| DATASET CONTENT |
+ + +
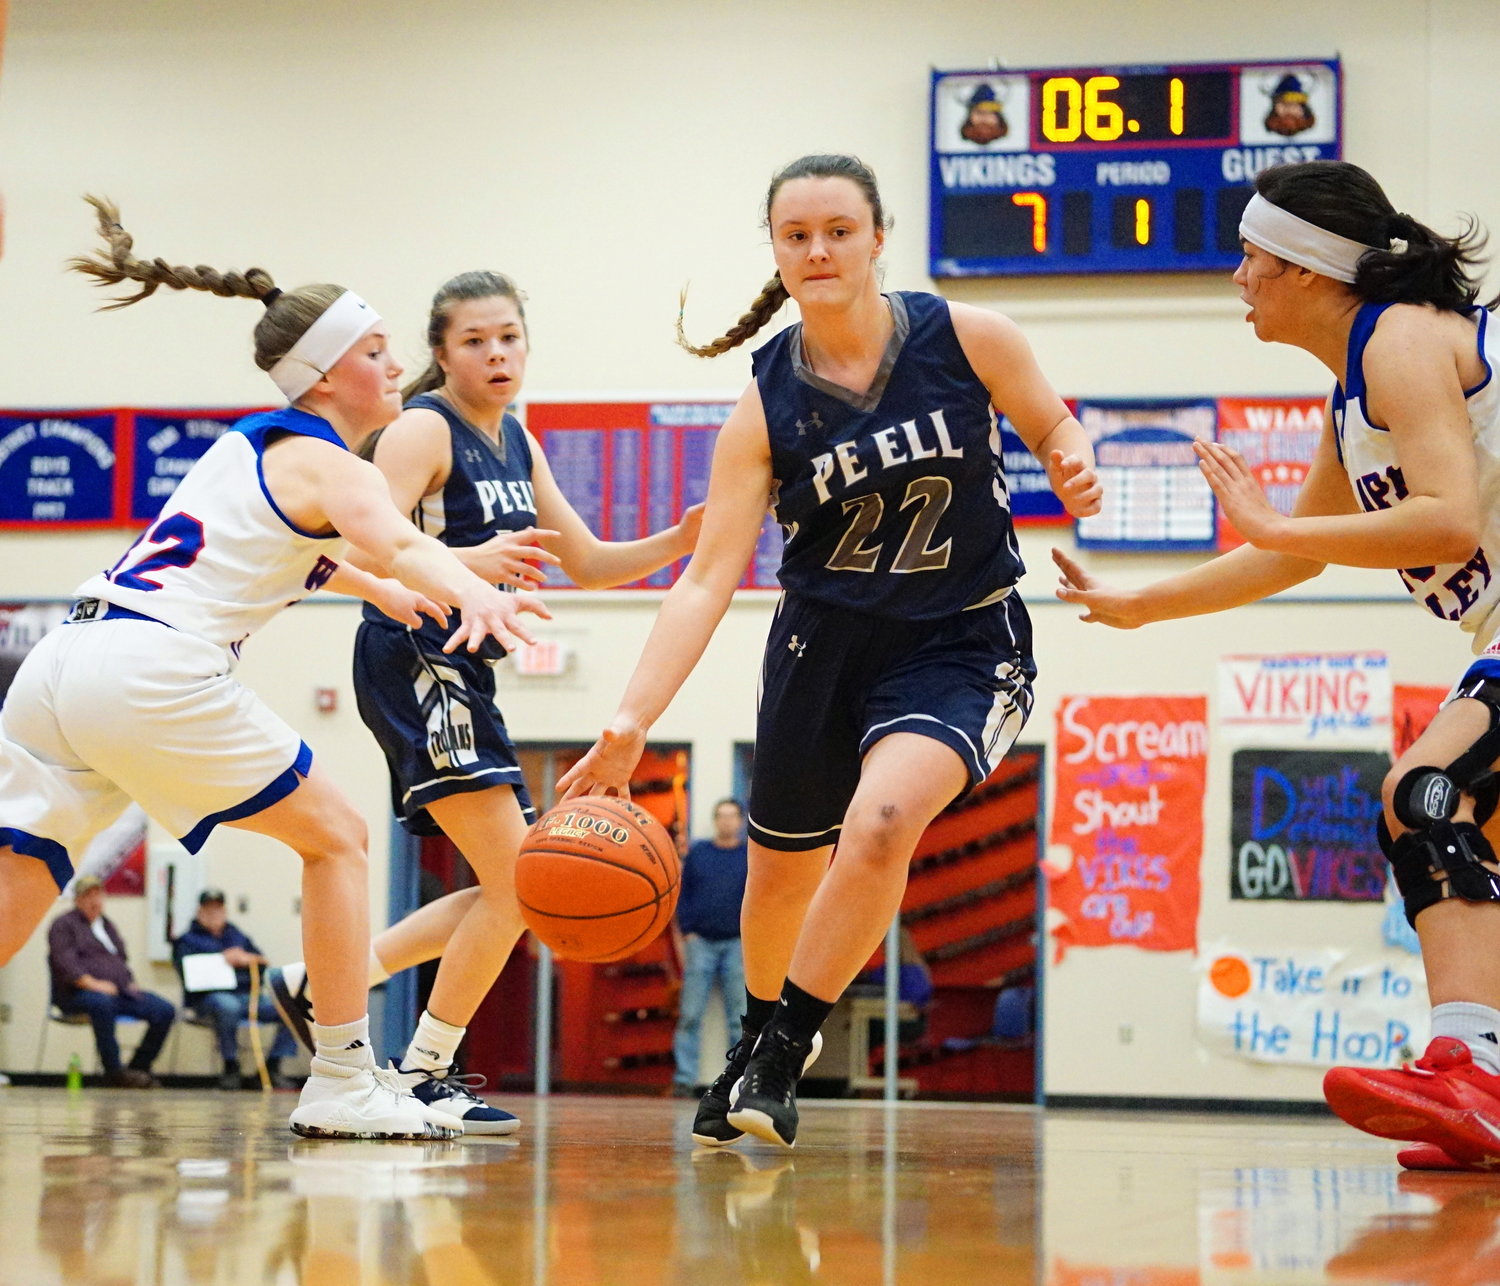 Trojan's Megan Krafczyk (22) dribbles the ball down court during a game against Willapa Valley Thursday night in Menlo.
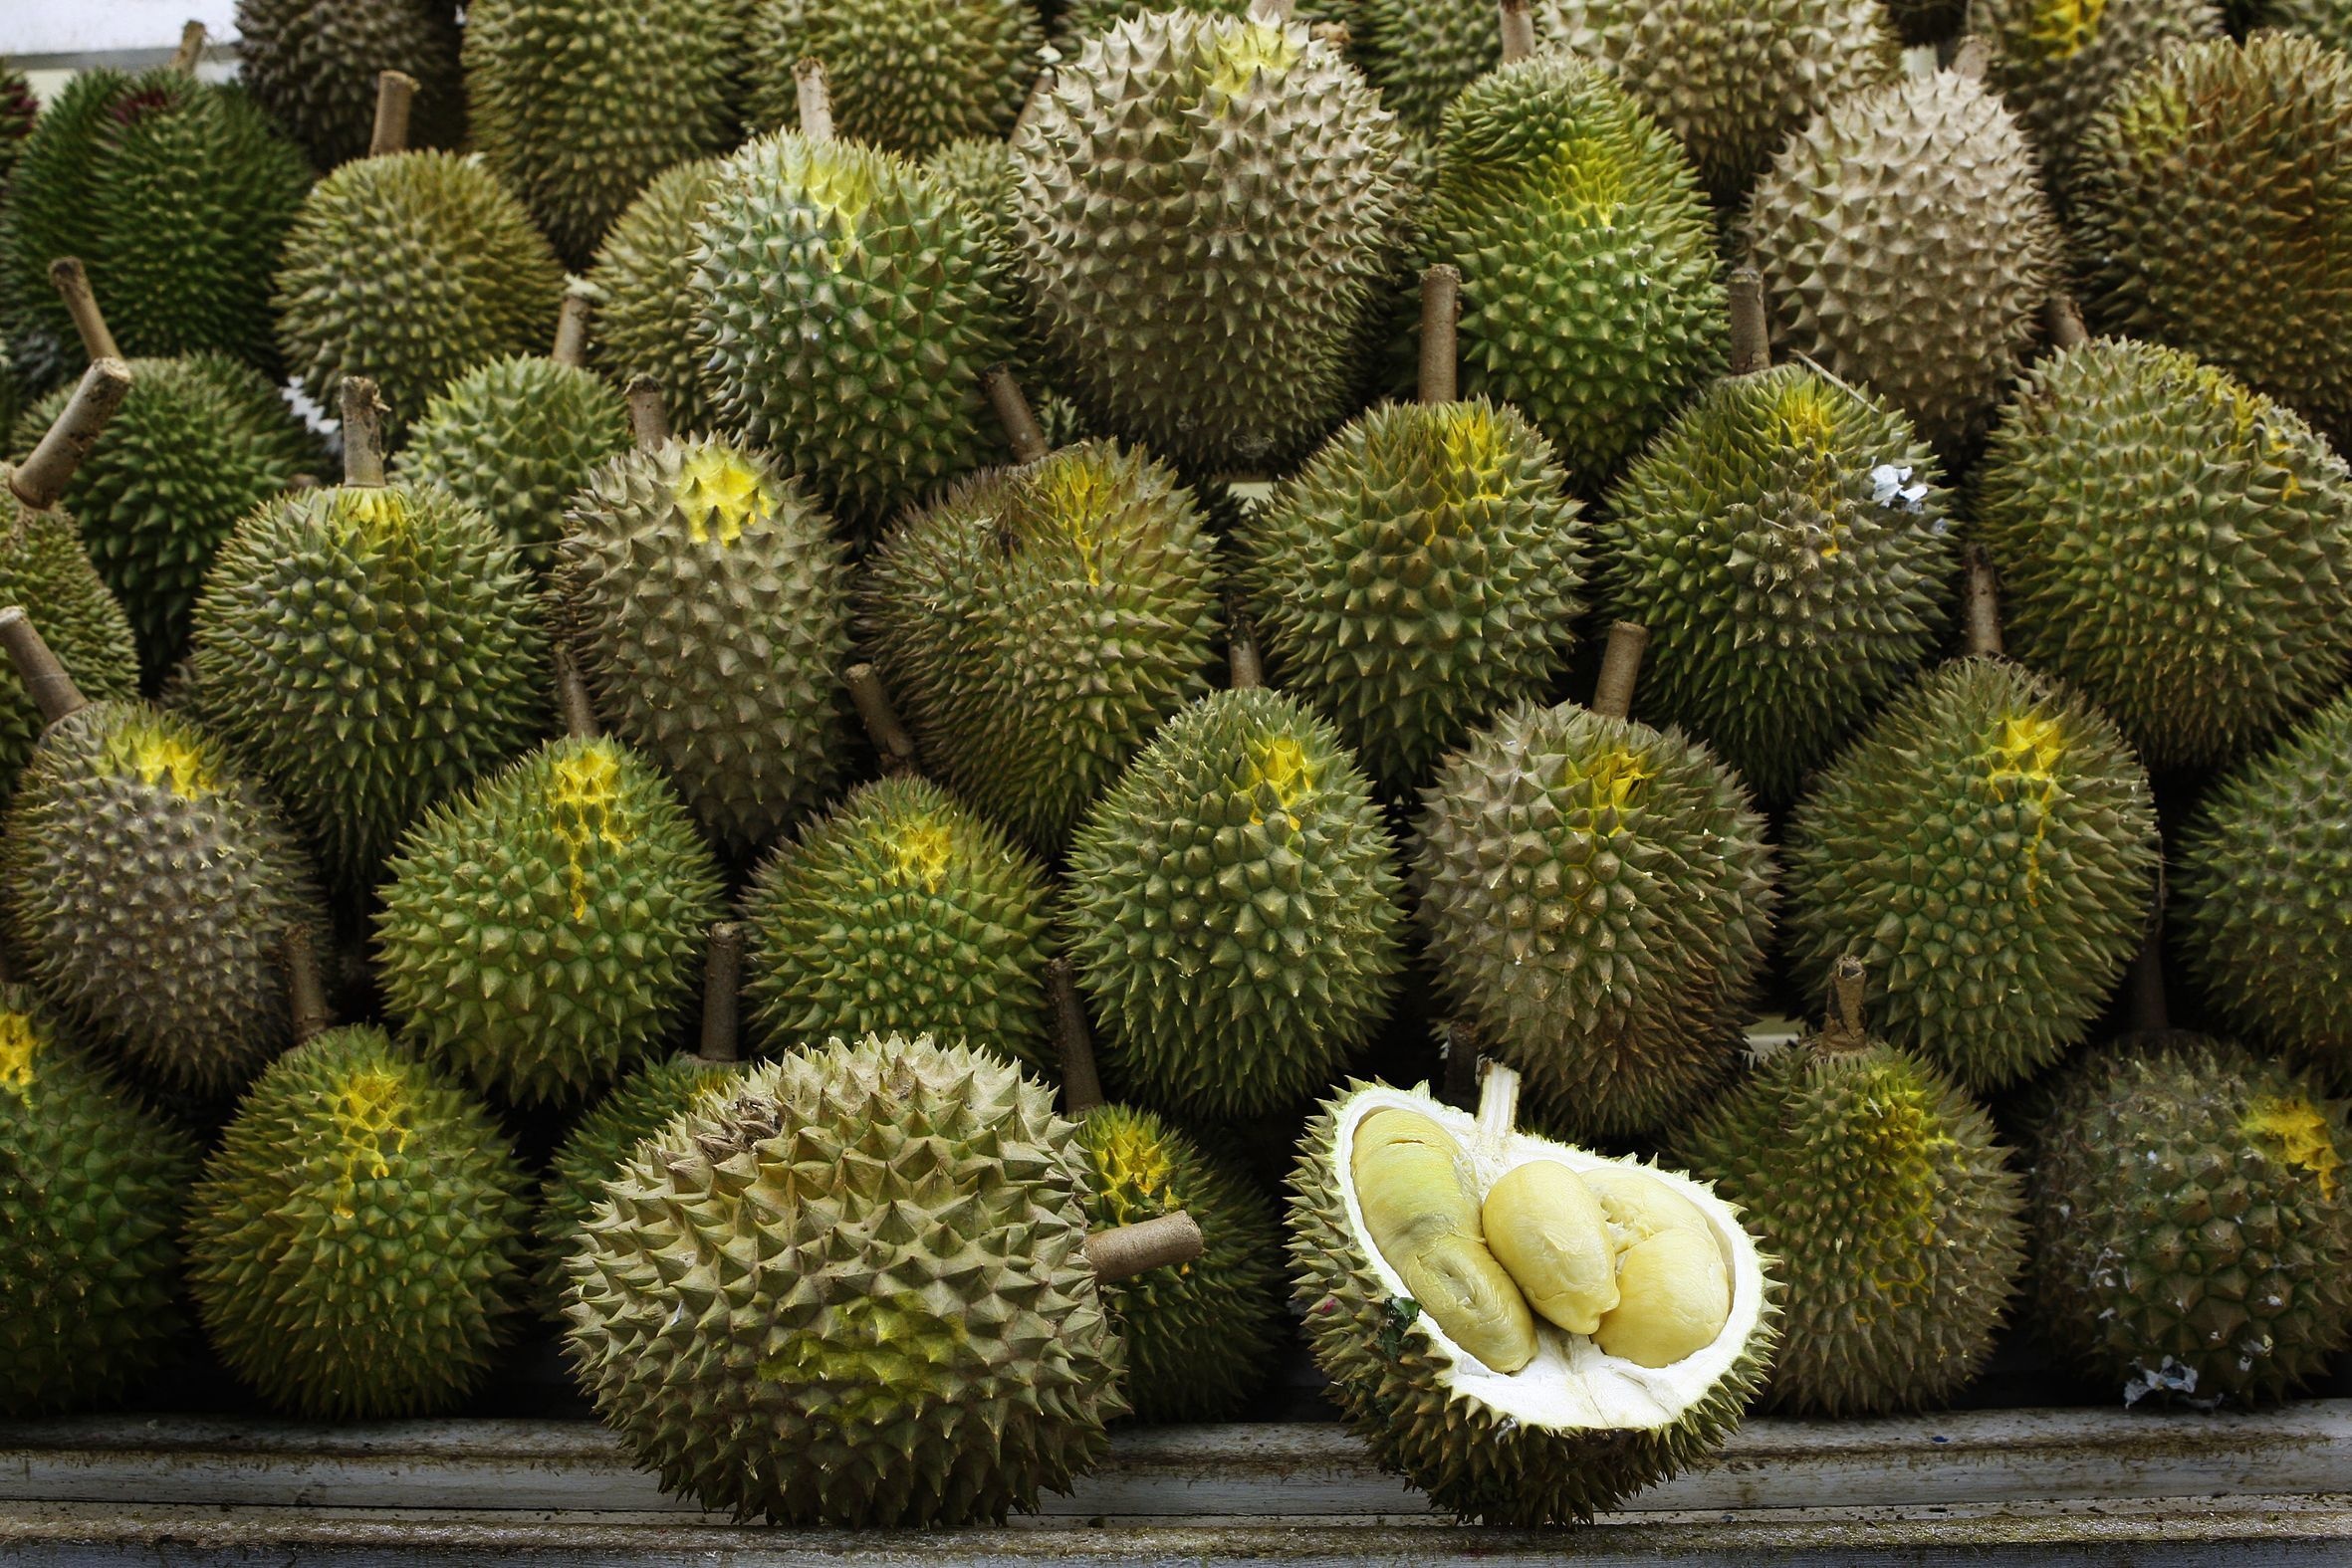 Durian: A spiny oval tropical fruit containing a creamy pulp. 2370x1580 HD Wallpaper.
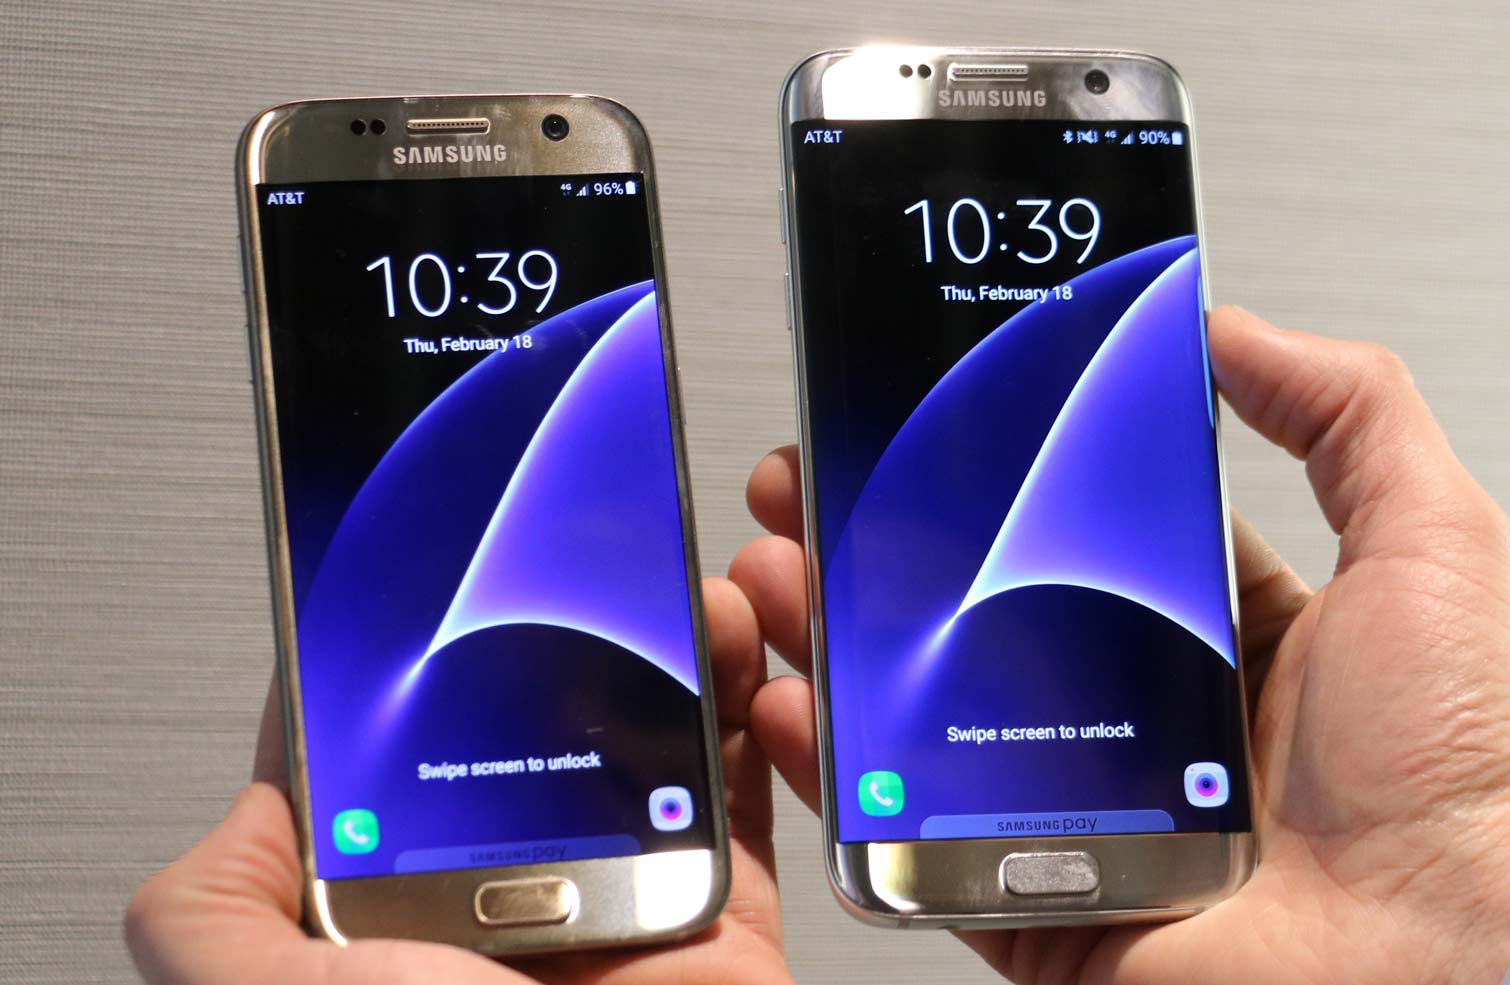 Galaxy S7 S6 vs S5: Should You Upgrade? | Tom's Guide
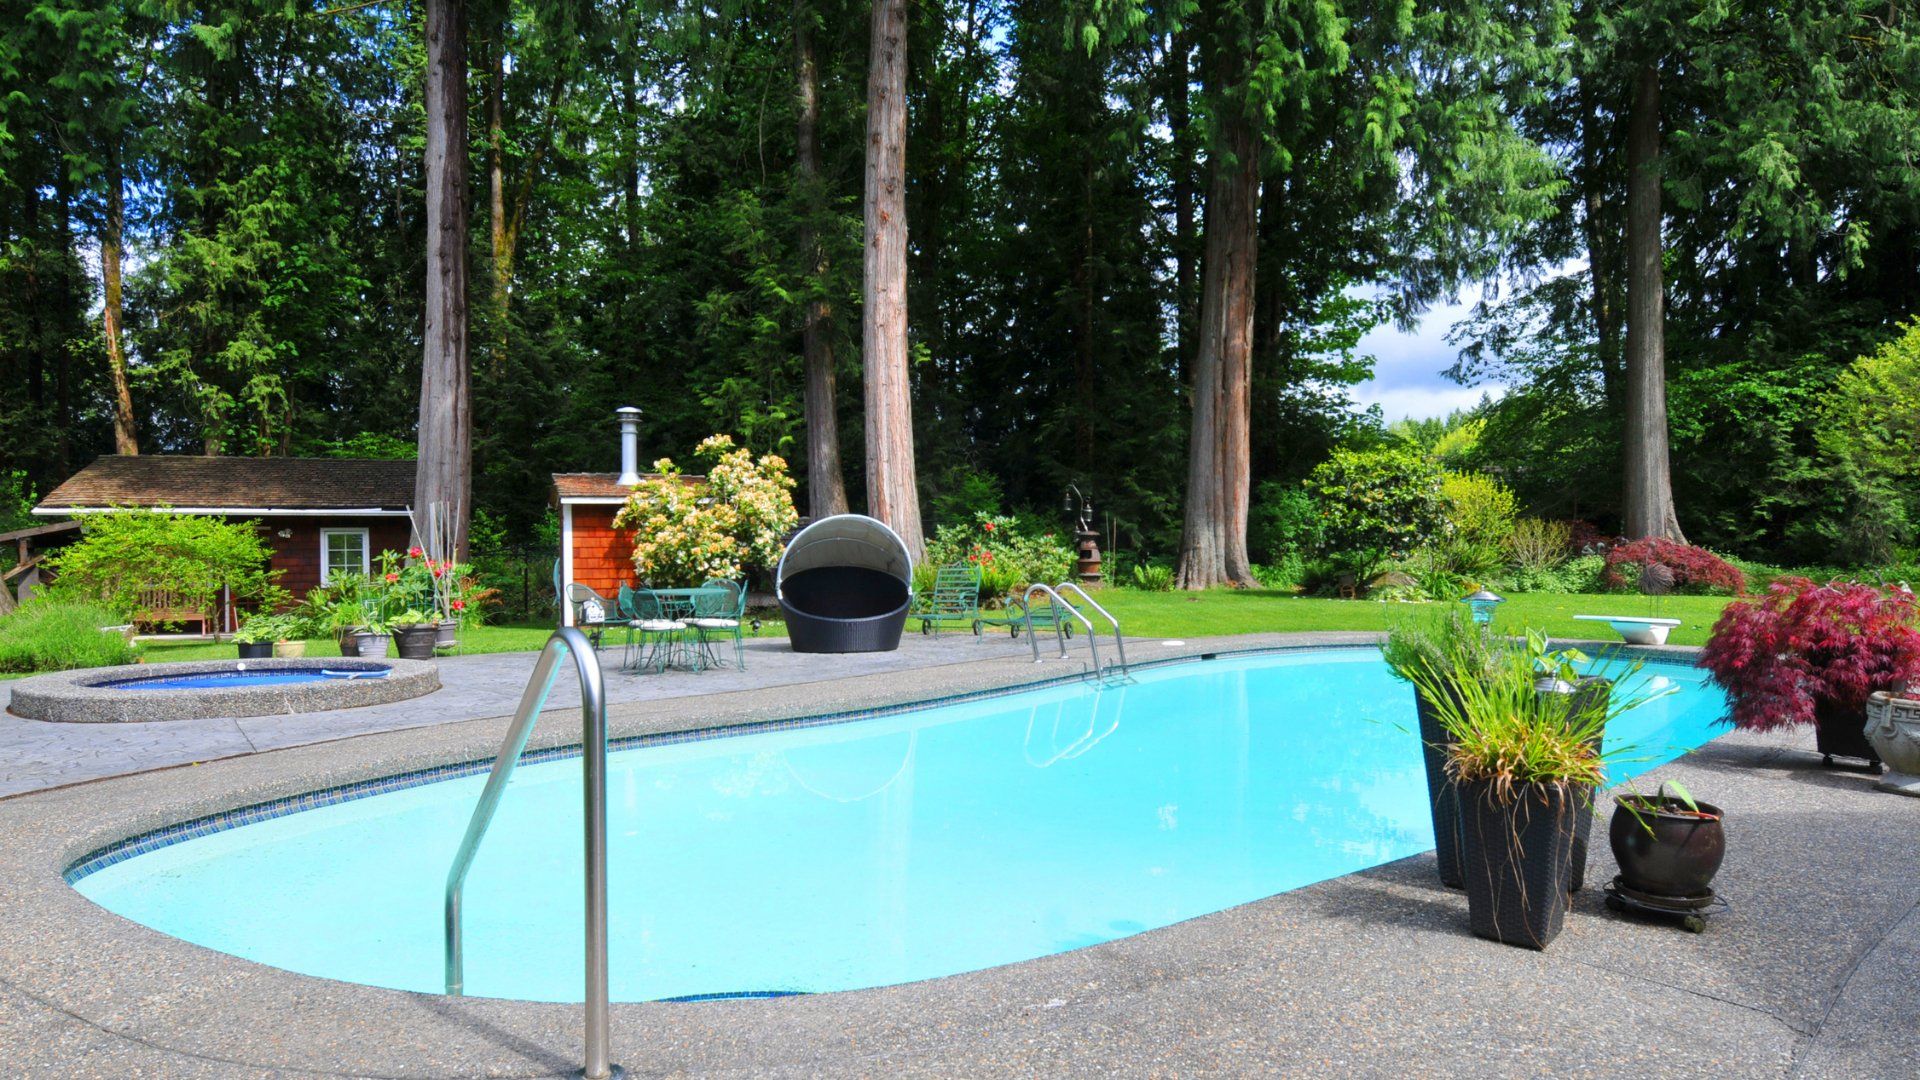 Large backyard featuring a pool, large trees, jacuzzi, pool house, and a concrete pool deck.
+ + +
The required output consists only of the lines from the one containing "Galaxy S7 S6" to the last line of the material, reproduced exactly, pictures excluded.

| THE COMPLETED TASK |
 Galaxy S7 S6 vs S5: Should You Upgrade? | Tom's Guide
 Large backyard featuring a pool, large trees, jacuzzi, pool house, and a concrete pool deck.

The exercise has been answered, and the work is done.